Spectrum, frequency, and genotype-phenotype of mutations in SPATA7

Abstract

Purpose: To describe the mutation spectrum of SPATA7 and associated ocular phenotypes.

Methods: As part of a continuing examination of the genetic basis of inherited ophthalmic diseases, sequencing variations in SPATA7 were identified in sequencing data from 5,090 probands. Mutations in SPATA7 were identified in 12 Chinese patients from ten families. Family history and clinical data were examined in detail in these patients. To evaluate possible gene-specific fundus changes, the results were combined with data from 66 patients from 50 families previously reported in the literature.

Results: Seven homozygous or compound heterozygous mutations, including two novel mutations (c.367C>T, p.Q123* and c.1083-2A>G) and five known mutations in SPATA7, were identified in ten families, including six families with Leber congenital amaurosis (LCA), three families with juvenile retinitis pigmentosa, and one family with early-onset high myopia. These families accounted for approximately 2.2% (6/269) of LCA and 0.4% (10/2,252) of inherited retinal dystrophies in this case series. A combined analysis of data from the present study and data from 60 families reported in the literature showed that 93.3% (112/120) of mutant alleles were truncation mutations, whereas only about 5.0% were missense mutations, and 1.7% were non-frameshift indels. Common SPATA7-associated fundus changes, including narrow arterioles, a relatively well-preserved macular region, and widespread RPE atrophy resulting in diffuse mottled hypopigmentation in the midperipheral retina, were identified in this cohort and in patients in the literature. Missense mutations were not associated with specific phenotypic features or severity.

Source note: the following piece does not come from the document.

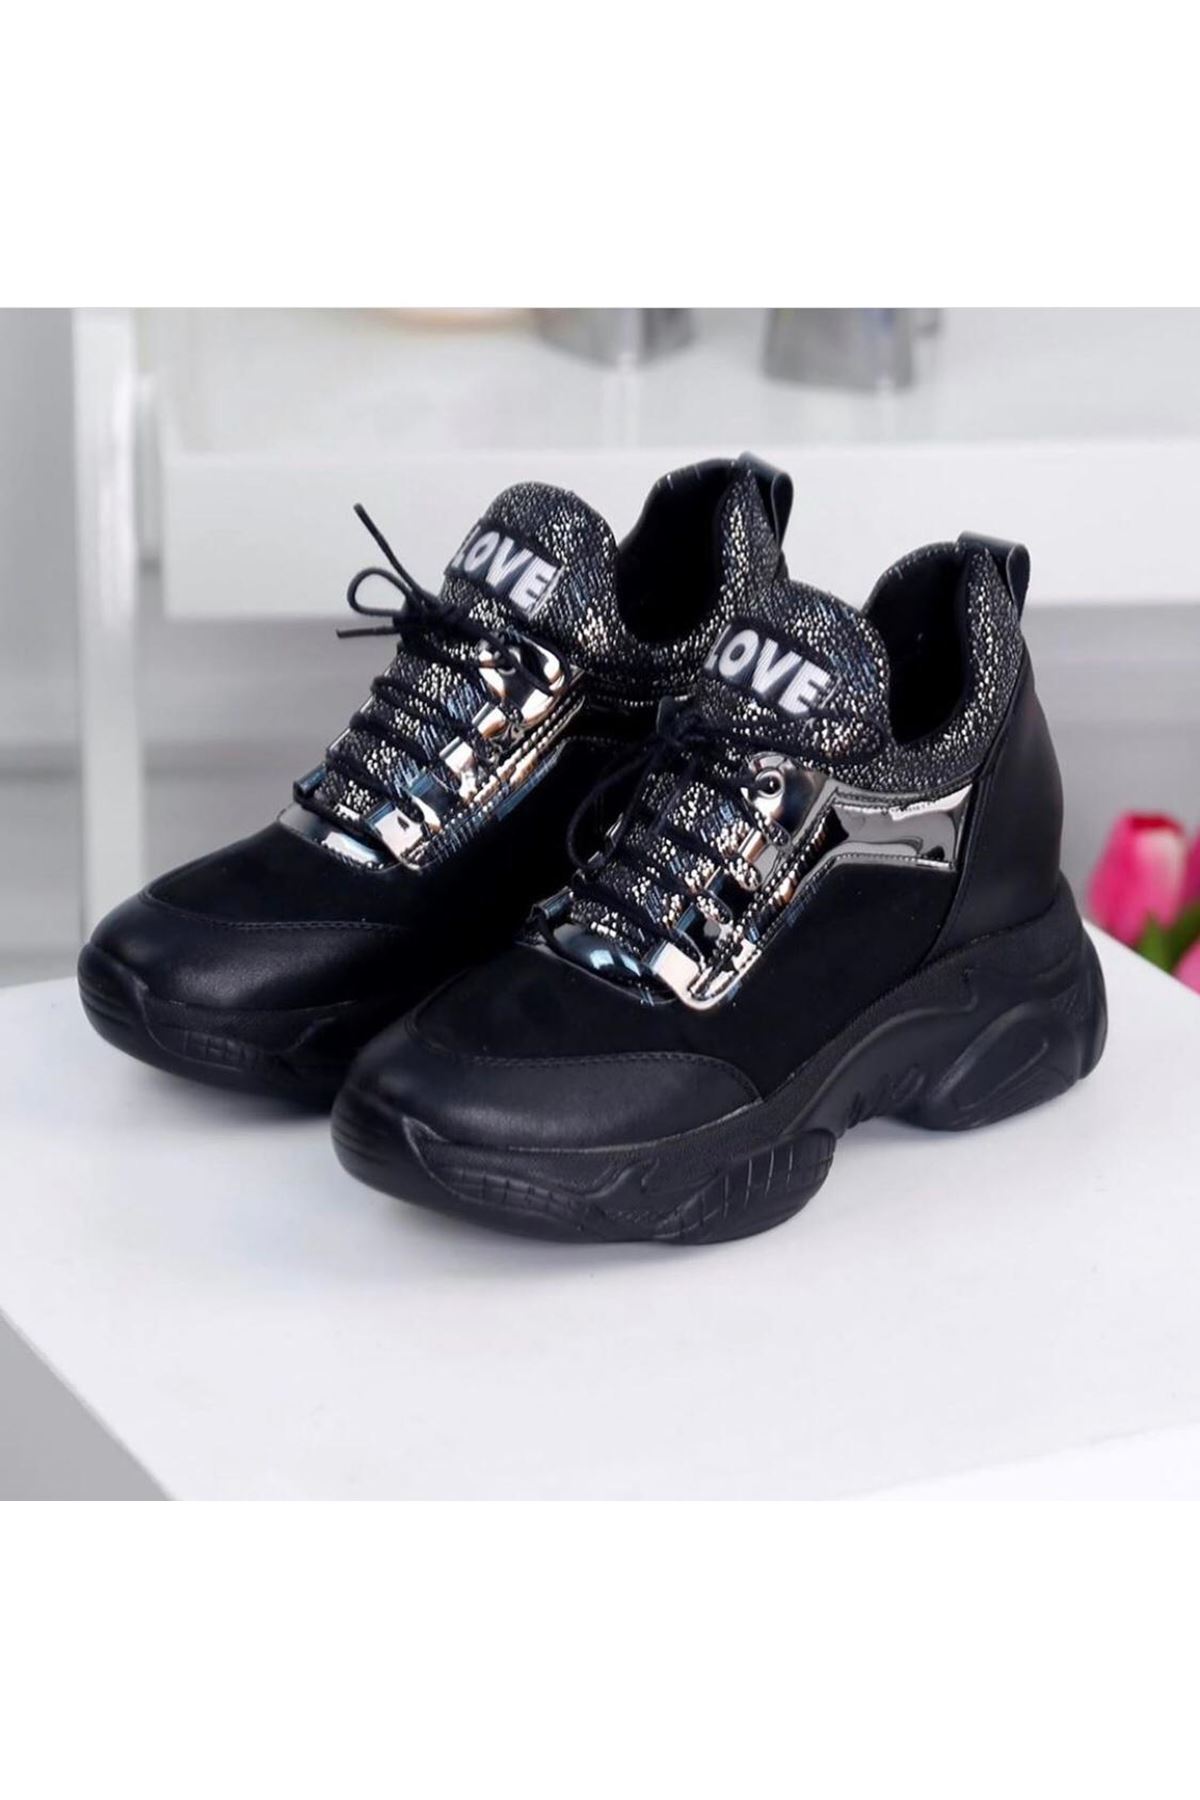 Rota Siyah Gizli Topuk Bayan Spor Ayakkabı

Conclusions: Narrow arterioles, a relatively well-preserved macular region, and widespread RPE atrophy resulting in diffuse mottling hypopigmentation in the midperipheral retina may be considered early and common fundus changes specific to SPATA7-associated retinopathy. The fact that similar mutations result in varied phenotypes points to the existence of other potential modifiers of the disease. Uncovering the identity of these modifiers might aid the development of novel treatments.

Figure 1

Pedigrees of ten families with biallelic mutations in SPATA7. The arrow indicates the proband in each family. The affected individuals are shown as filled squares (male) or circles (female). Mutations are listed under each family, and their segregation in families is shown in the pedigrees.

Figure 2

Fundus images from patients with biallelic mutations in SPATA7. Representative fundus images show yellowish-white frosted degeneration in the midperiphery in patient F01-II:1 (A and B) and yellowish-white sand-like deposits in the midperiphery sparing the inferior area close to the optic fissure (C–F), in addition to yellowish-white mottled degeneration in the midperiphery (G–I). The homozygous novel mutation c.367C>T was identified in the F05-II:1, which is highlighted in red in G and H.

Figure 3

Fundus images showing age-dependent changes in a patient (F07-II:1). The fundus appeared nearly normal in the posterior area, with a few minor grayish-white spots in the midperiphery at the age of 3 years and 5 months (A), and progressed to significant yellowish-white spots in the midperiphery at the age of 7 years and 5 months (B, C). By the age of 8 years and 7 months, diffuse mottling hypopigmentation, with a few small intraretinal pigments, was visible (D–I). Mild salt-and-pepper-like changes were observed (E, H).

Figure 4

A schematic diagram of the mutation spectrum frequency in SPATA7. The two horizontal bars represent the coding regions based on two alternative splicing isoforms. Most loss-of-function mutations are listed on the top of the upper bar. A gross deletion involving the first five exons, four missense mutations, and two in-frame deletions are listed under the upper bar. The line height indicates the number of mutated alleles in 60 families.